### Requirement
Output, word for word, the lines of this listing that fall between the line with "For my band's" and the line with "Valley Mill Welsh Cake Candle", counting both of those lines, and no others.

### Exercise inputs
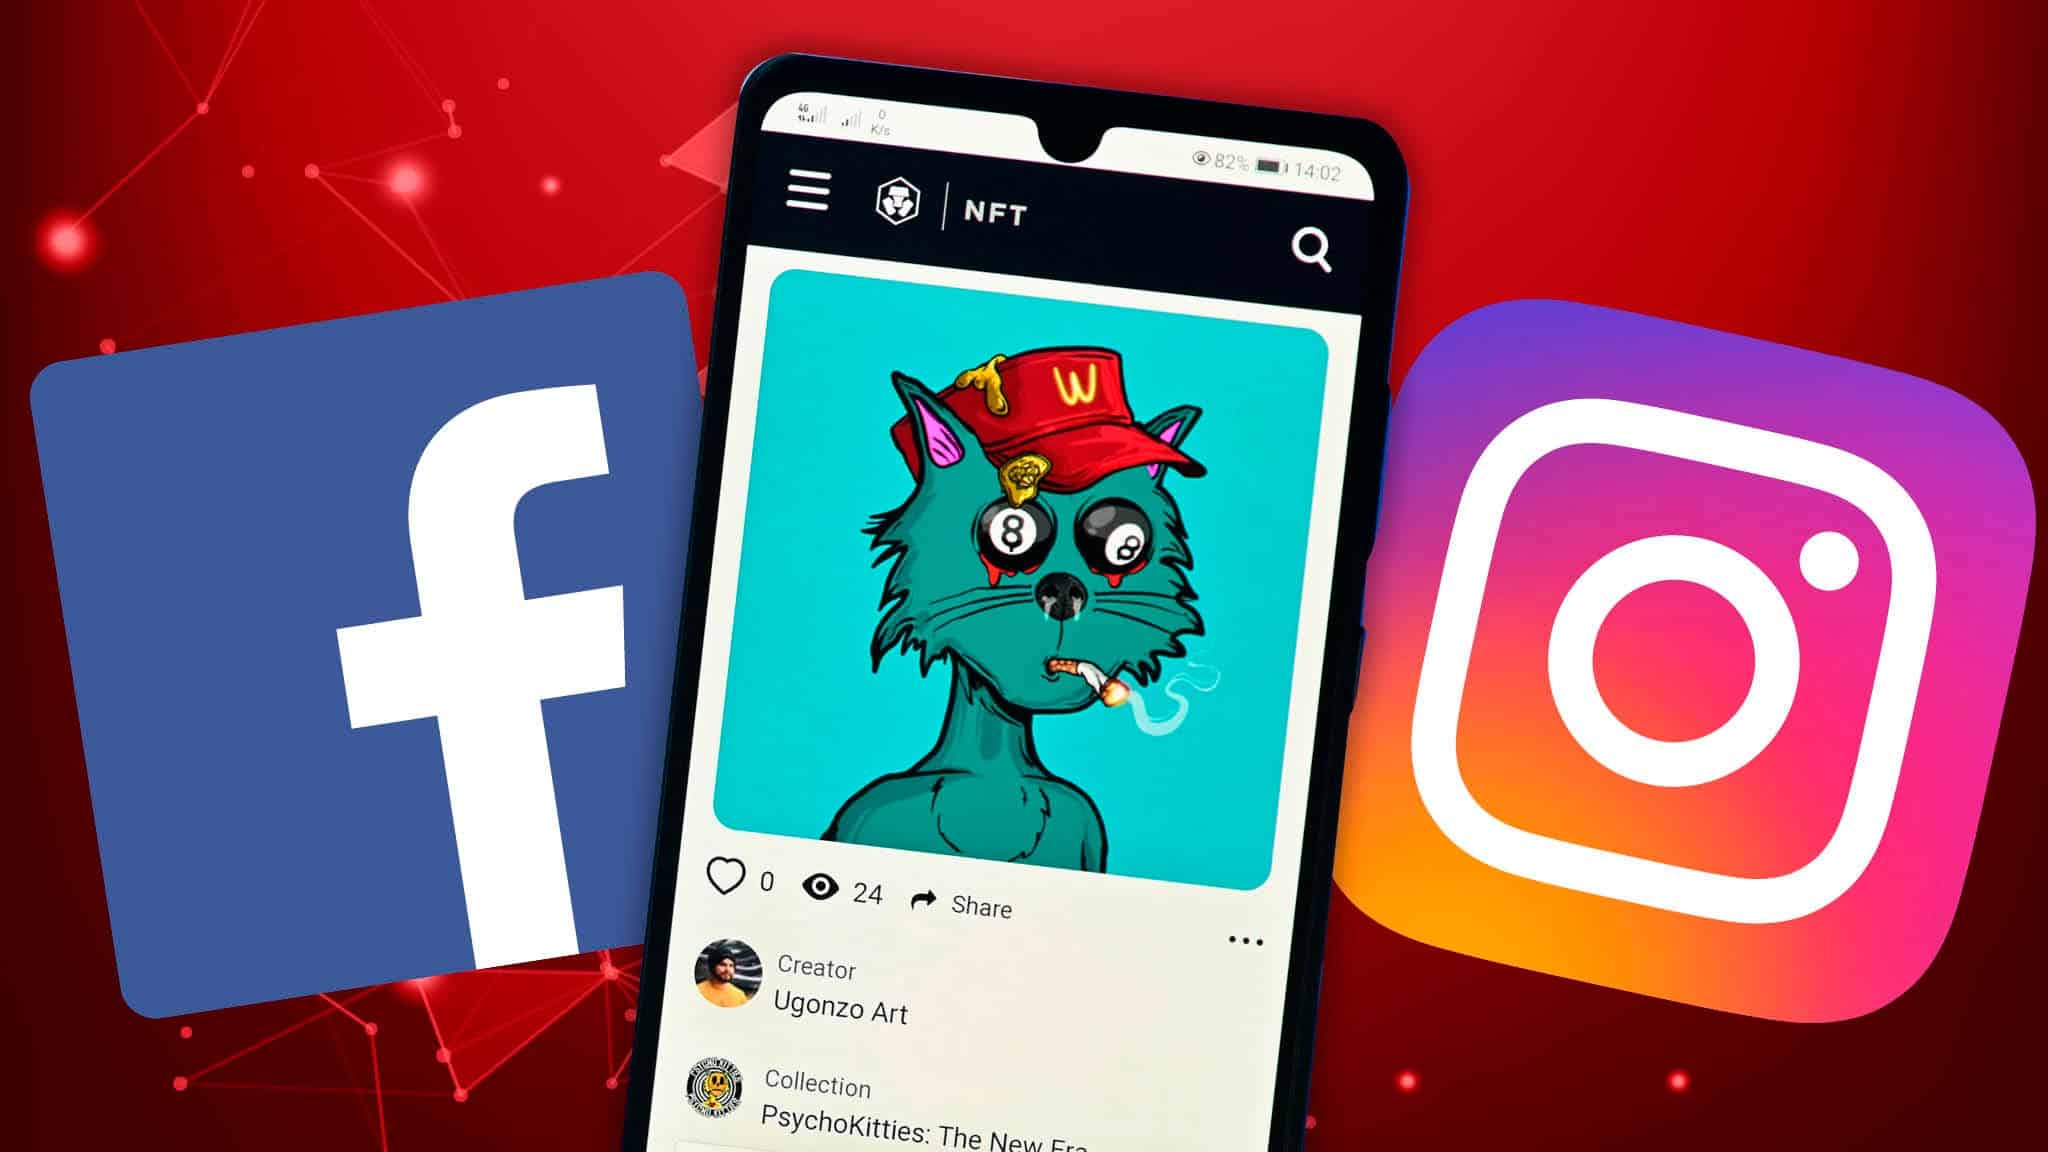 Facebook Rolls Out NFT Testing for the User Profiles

* * *

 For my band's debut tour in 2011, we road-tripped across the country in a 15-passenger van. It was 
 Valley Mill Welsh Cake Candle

* * *

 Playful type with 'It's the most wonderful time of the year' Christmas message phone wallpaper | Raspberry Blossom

### Task response
 For my band's debut tour in 2011, we road-tripped across the country in a 15-passenger van. It was 
 Valley Mill Welsh Cake Candle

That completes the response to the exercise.